|
Prev: Parallel execution of carry dependent instructions ?
Next: Skybuck presents FastGetBit ( Value, BitPosition ) (latency 3)
From: Skybuck Flying on 5 May 2008 09:39 And then there is another nice bug. The value which you are or-ing in the else branch needs to be "chopped off". Otherwise there could be accessive bits in the value which are not supposed to be written. Which is a pretty logical requirement. There could be anything in the value ;) So now you starting to see why I posted another thread called: "getting rid of accessive bits" HAHAHAHAHA LOL =D Jajajajajaj. Though maybe your code has potential after all the bugs fixed. Though maybe later I write a nice "ror" based assembler version which could make a nice justification for adding "ror" and "rol" support to high level languages ;) :) Bye, Skybuck.

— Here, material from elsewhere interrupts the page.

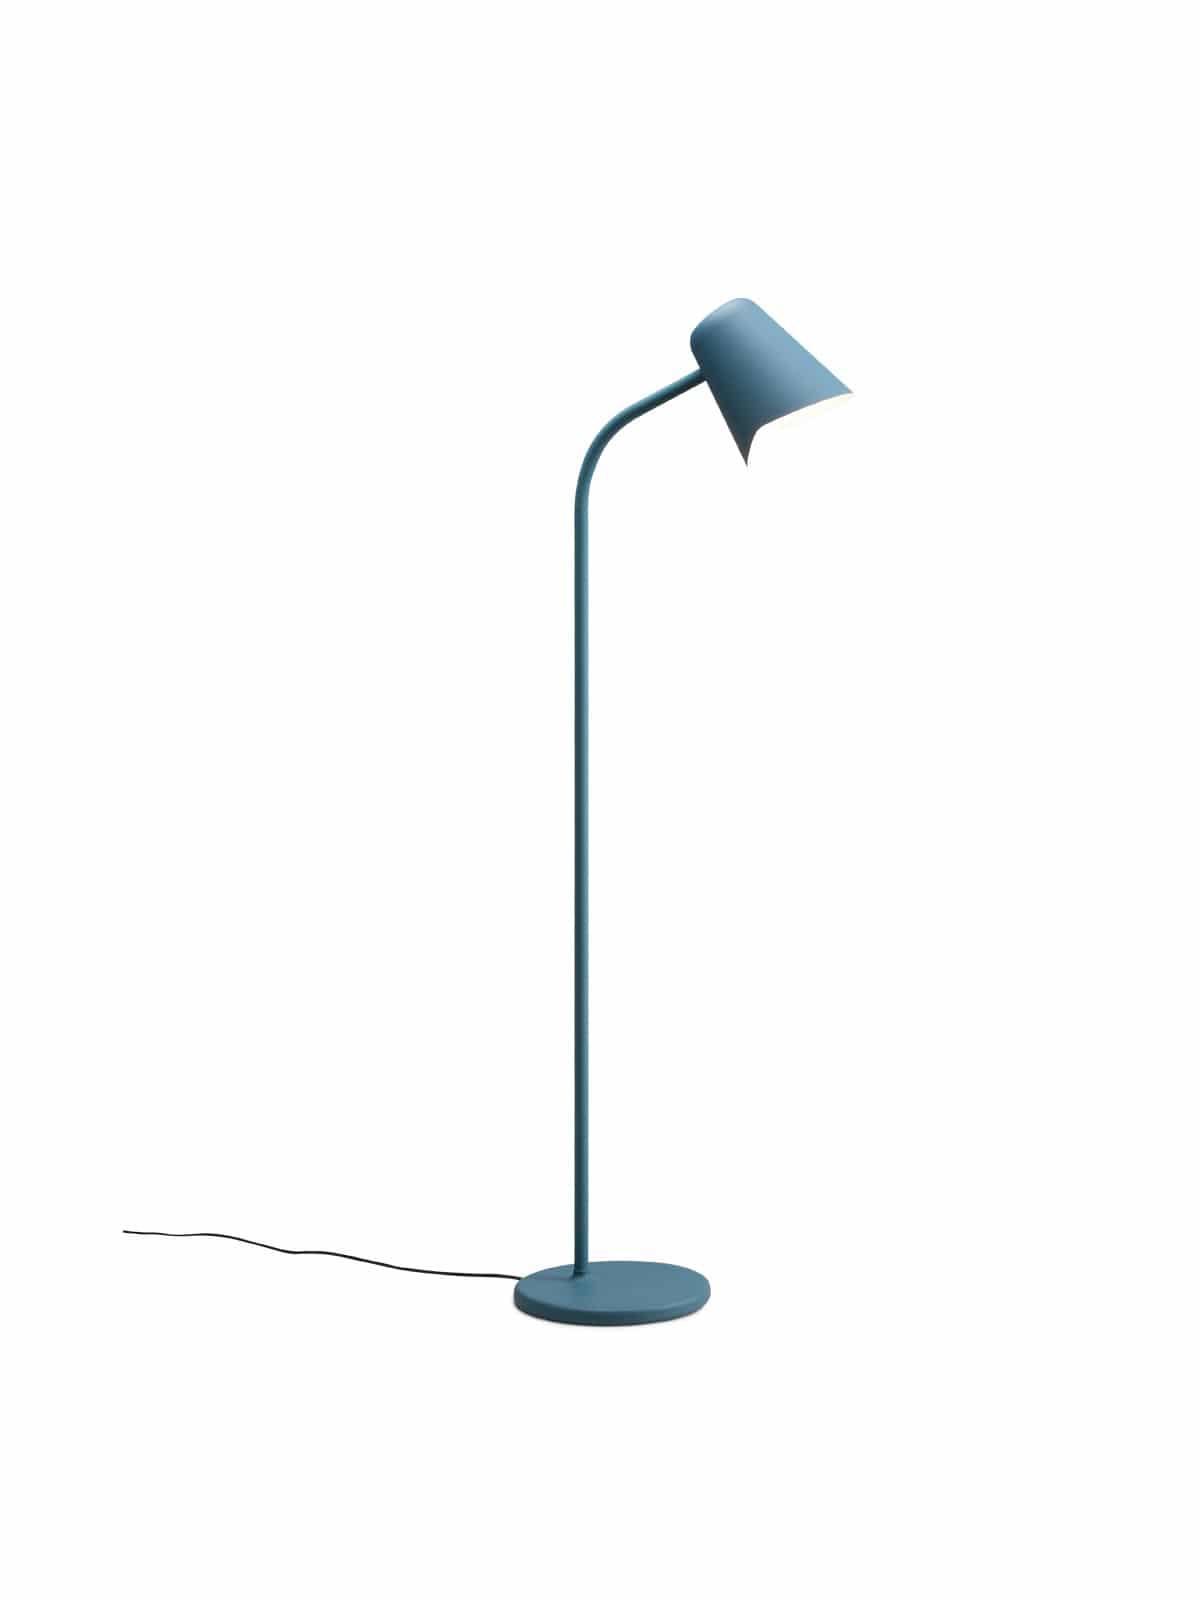 Me - Lampen Leuchten Designerleuchten Online Berlin Design

From: Skybuck Flying on 5 May 2008 09:46 Ok, I give up fixing your code. You'll have to fix it yourself. I will now focus on an assembler version with a different algorithm, maybe my own slightly modified don't know yet ;) Bye, Skybuck.

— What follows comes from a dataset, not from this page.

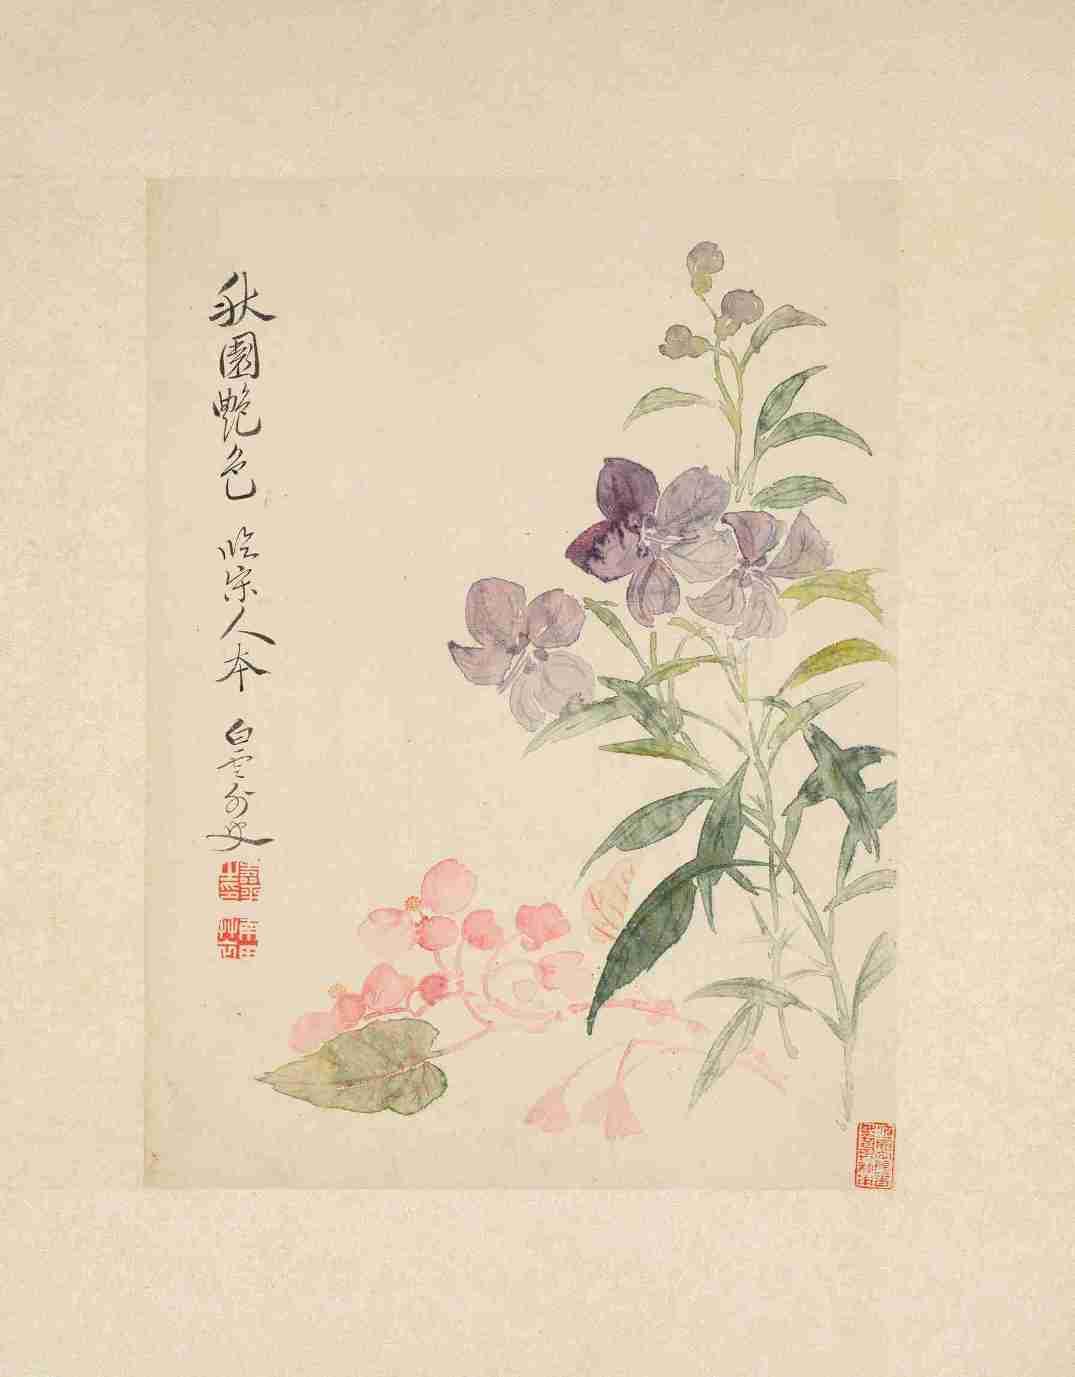 Autumn flowers-YunShouping (R).jpg

From: piotr.wyderski on 5 May 2008 17:49 Terje Mathisen wrote: > Your example code is simply horrible To say the least :-) Anyway, he seems to be unable to think the SIMDish way, which should be a real help here. Just grab the entire vector of data, PAND it with a proper mask (respectively to the chosen bit), non-linearly scale the result by low (or high) multiplying it with 0x000100020004... etc. and combine the whole stuff with PSADBW. Unroll everything in order to hide the latencies and voila. Unfortunately, there is no PMULLB, so the implementation becomes a bit tricky... :-) Best regards Piotr Wyderski
From: Terje Mathisen on 6 May 2008 02:31 Skybuck Flying wrote: > I'll shall help you understand your flaw and the problem in general: > > Value (shr 32 - DestBitIndex) won't work if DestBitIndex is zero. > > The shr instruction is limited to a range of 0 to 31. > > You are trying to shift with 32 which means the shr won't happen. > > Good luck with fixing it. Good luck with rereading my code and figuring out why this cannot ever happen. :-) Terje -- - <Terje.Mathisen(a)hda.hydro.com> "almost all programming can be viewed as an exercise in caching"
From: Skybuck Flying on 6 May 2008 04:41
"Terje Mathisen" <terje.mathisen(a)hda.hydro.com> wrote in message news:3YadnRguDqj9ZoLV4p2dnAA(a)giganews.com... > Skybuck Flying wrote: >> I'll shall help you understand your flaw and the problem in general: >> >> Value (shr 32 - DestBitIndex) won't work if DestBitIndex is zero. >> >> The shr instruction is limited to a range of 0 to 31. >> >> You are trying to shift with 32 which means the shr won't happen. >> >> Good luck with fixing it. > > Good luck with rereading my code and figuring out why this cannot ever > happen. :-) Even if it never happens, there are many other bugs in your code which do happen, so I am done with your code ;) Bye, Skybuck. |